Just like the title says, my nitrates have disappeared and I have one dead fish. I set the tank up a little over two months ago, and cycled it by seeding with rock from a smaller, well established tank. A month ago, the water tested at 8.2 ph, 0 ammonia and nitrites, and ~ 20 ppm nitrates. Tonight, I noticed my other fish, 1 auratus, bumble bee and yellow lab, and 2 acei, all juveniles and surprisingly, no serious bullying from the auratus. eating my other yellow lab. they all seem to be doing well and seemhealthy but now one is gone. I have no idea why it died. It showed no signs yesterday that it wasn't doing well. 

Anyway, I decided to check my water again and everything is perfect, except I have no nitrates. Thinking I must have tested wrong, I repeated the entire test again, with the same results. The only thing different over the last few days is I haven't run my lights but only for a few hours tota be because I noticed some algae starting to grow. Could the lack of lighting be the culprit? Will my nitrates bounce back without cycling again? I sure hope so but something tells me no.
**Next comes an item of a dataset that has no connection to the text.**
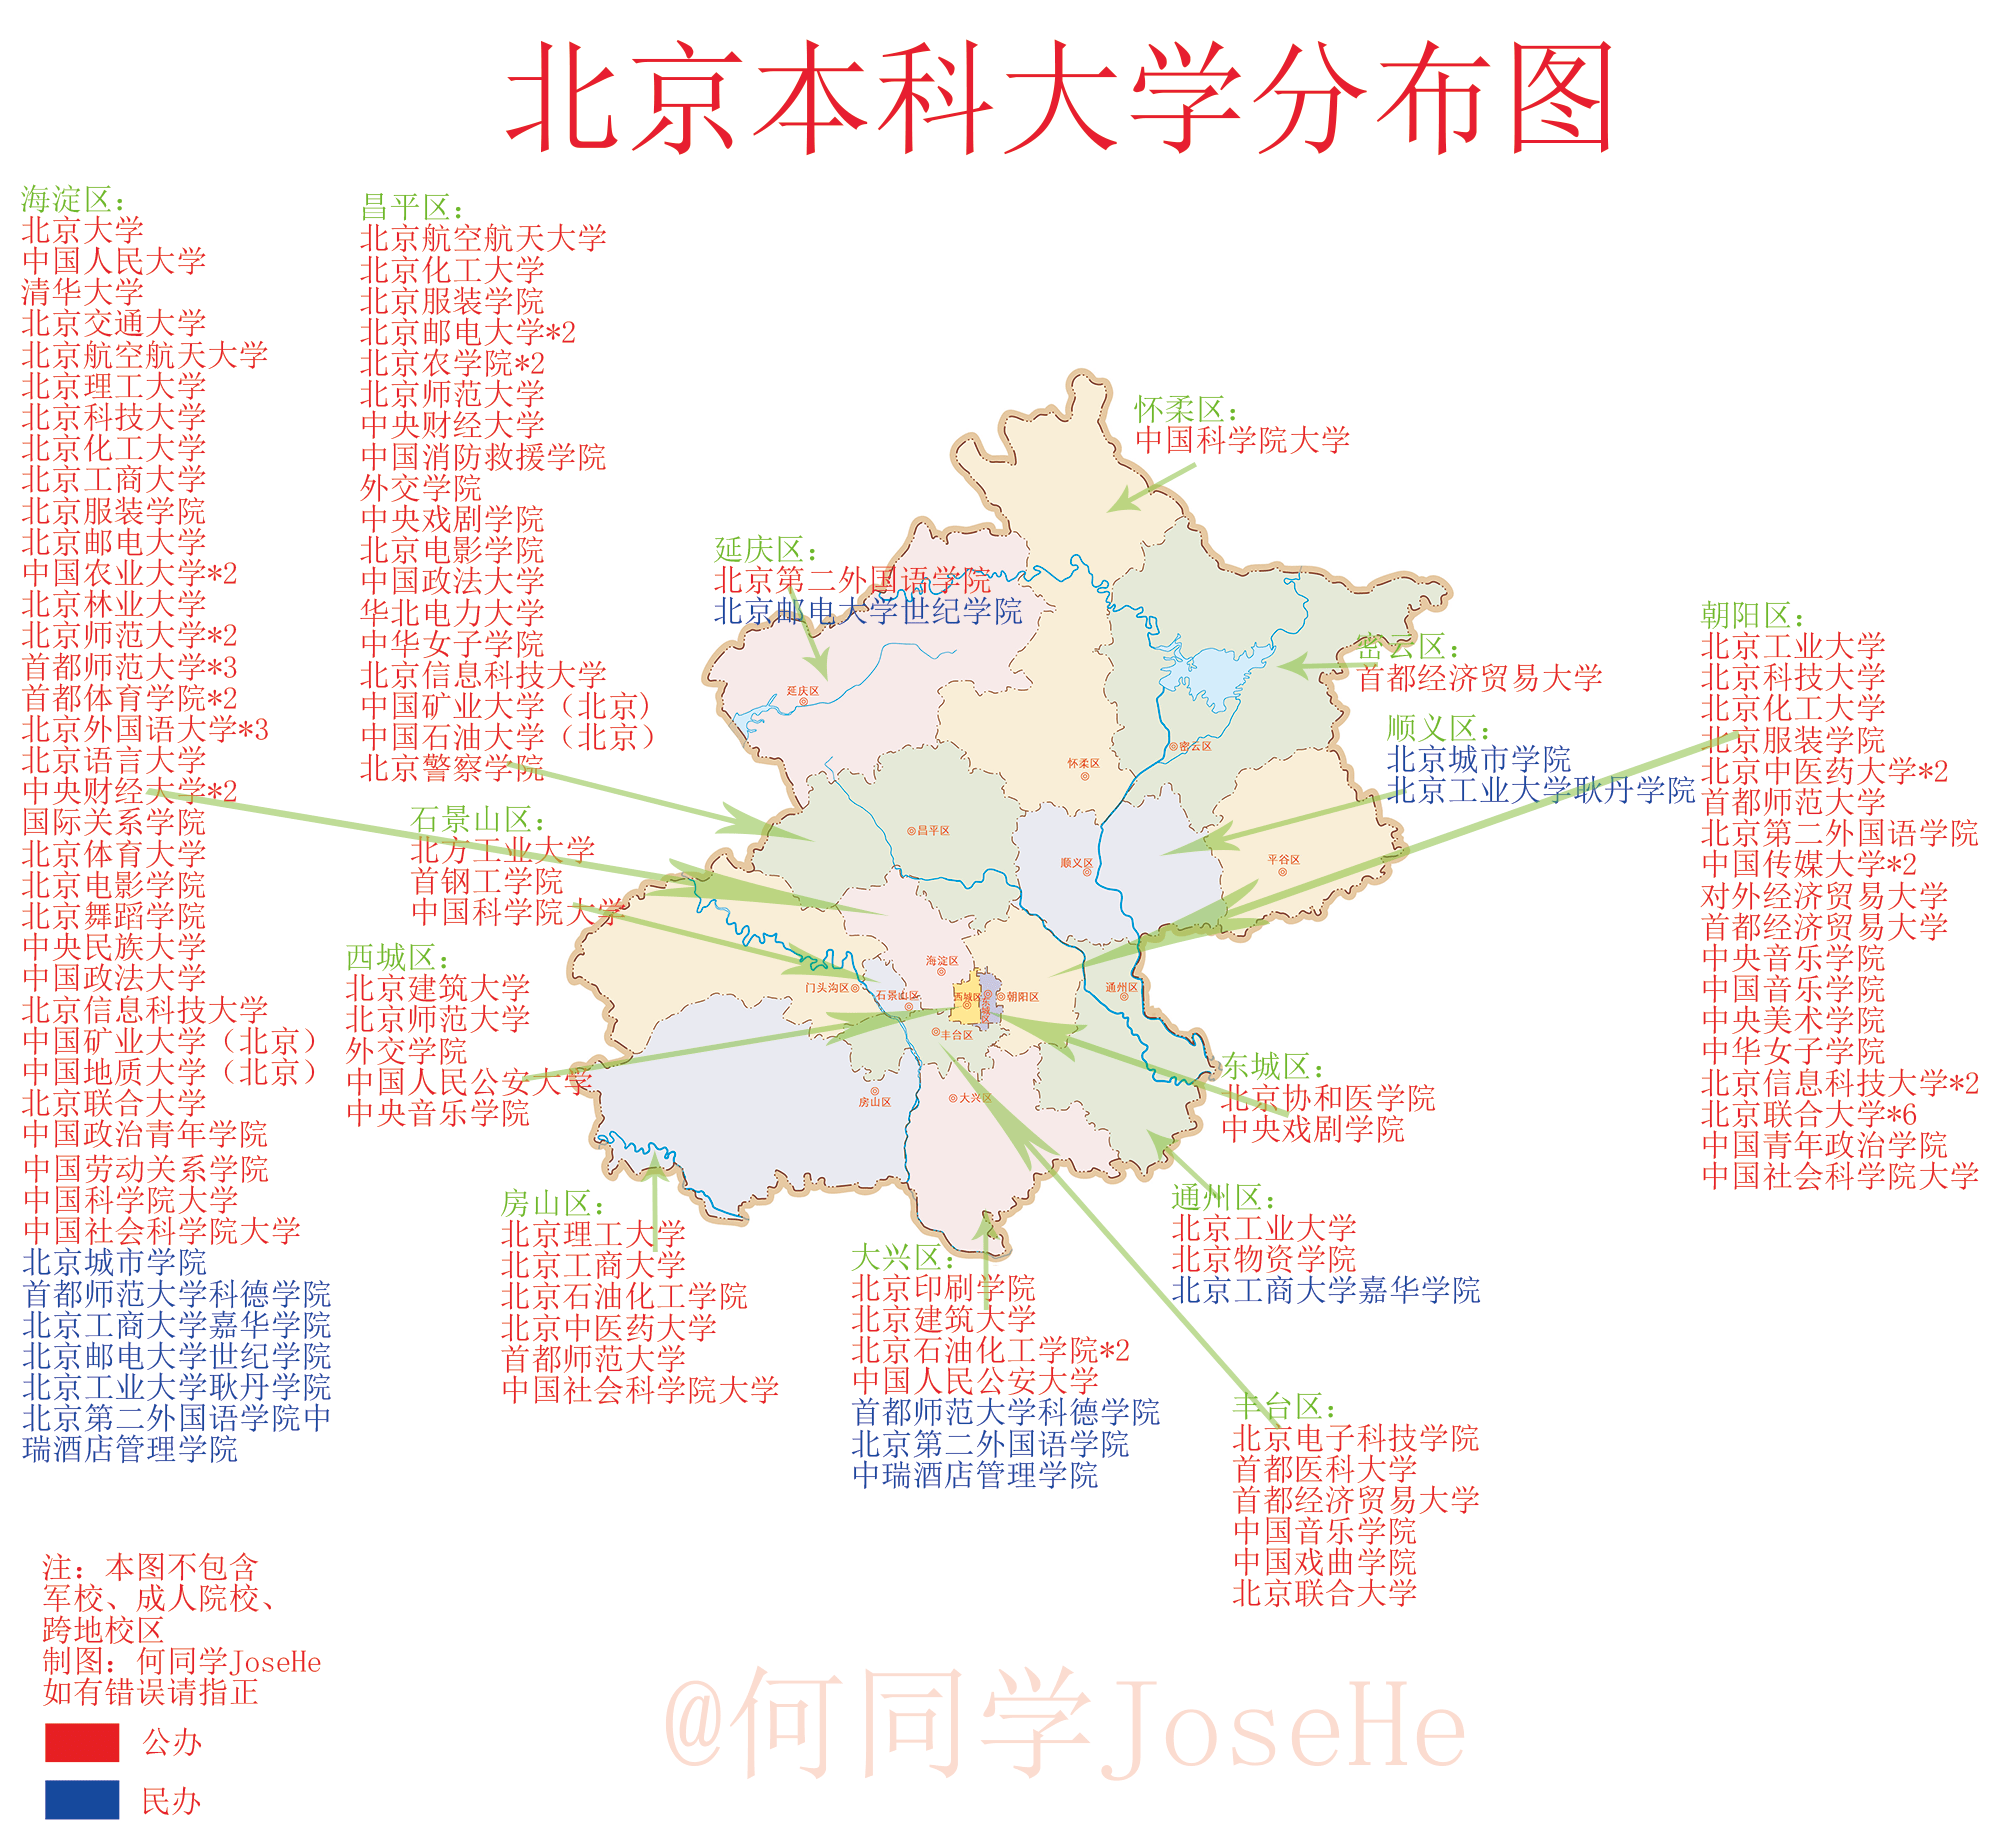 2张图看懂北京本科大学名单和分布图

Any advice would be appreciated.


----------



## phys (Feb 4, 2011)

Do you have coral in the tank or is it just fish? Some fish will get sick and die or if your tank is too small, they will die because of stress from not having enough space. Some foods may have gone bad or not been the right kind for that fish and it starved. Lighting wouldnt be a culprit unless the oxygen depletion from coral (if you have any) slowing the rate of oxygen production down. 
So questions: How big is your tank? Whats the numbers for the parameters? Do you have crabs and snails to help finish off the fish food you have in there? Do you have any macro algae? How often and what kind of foods do you feed?


----------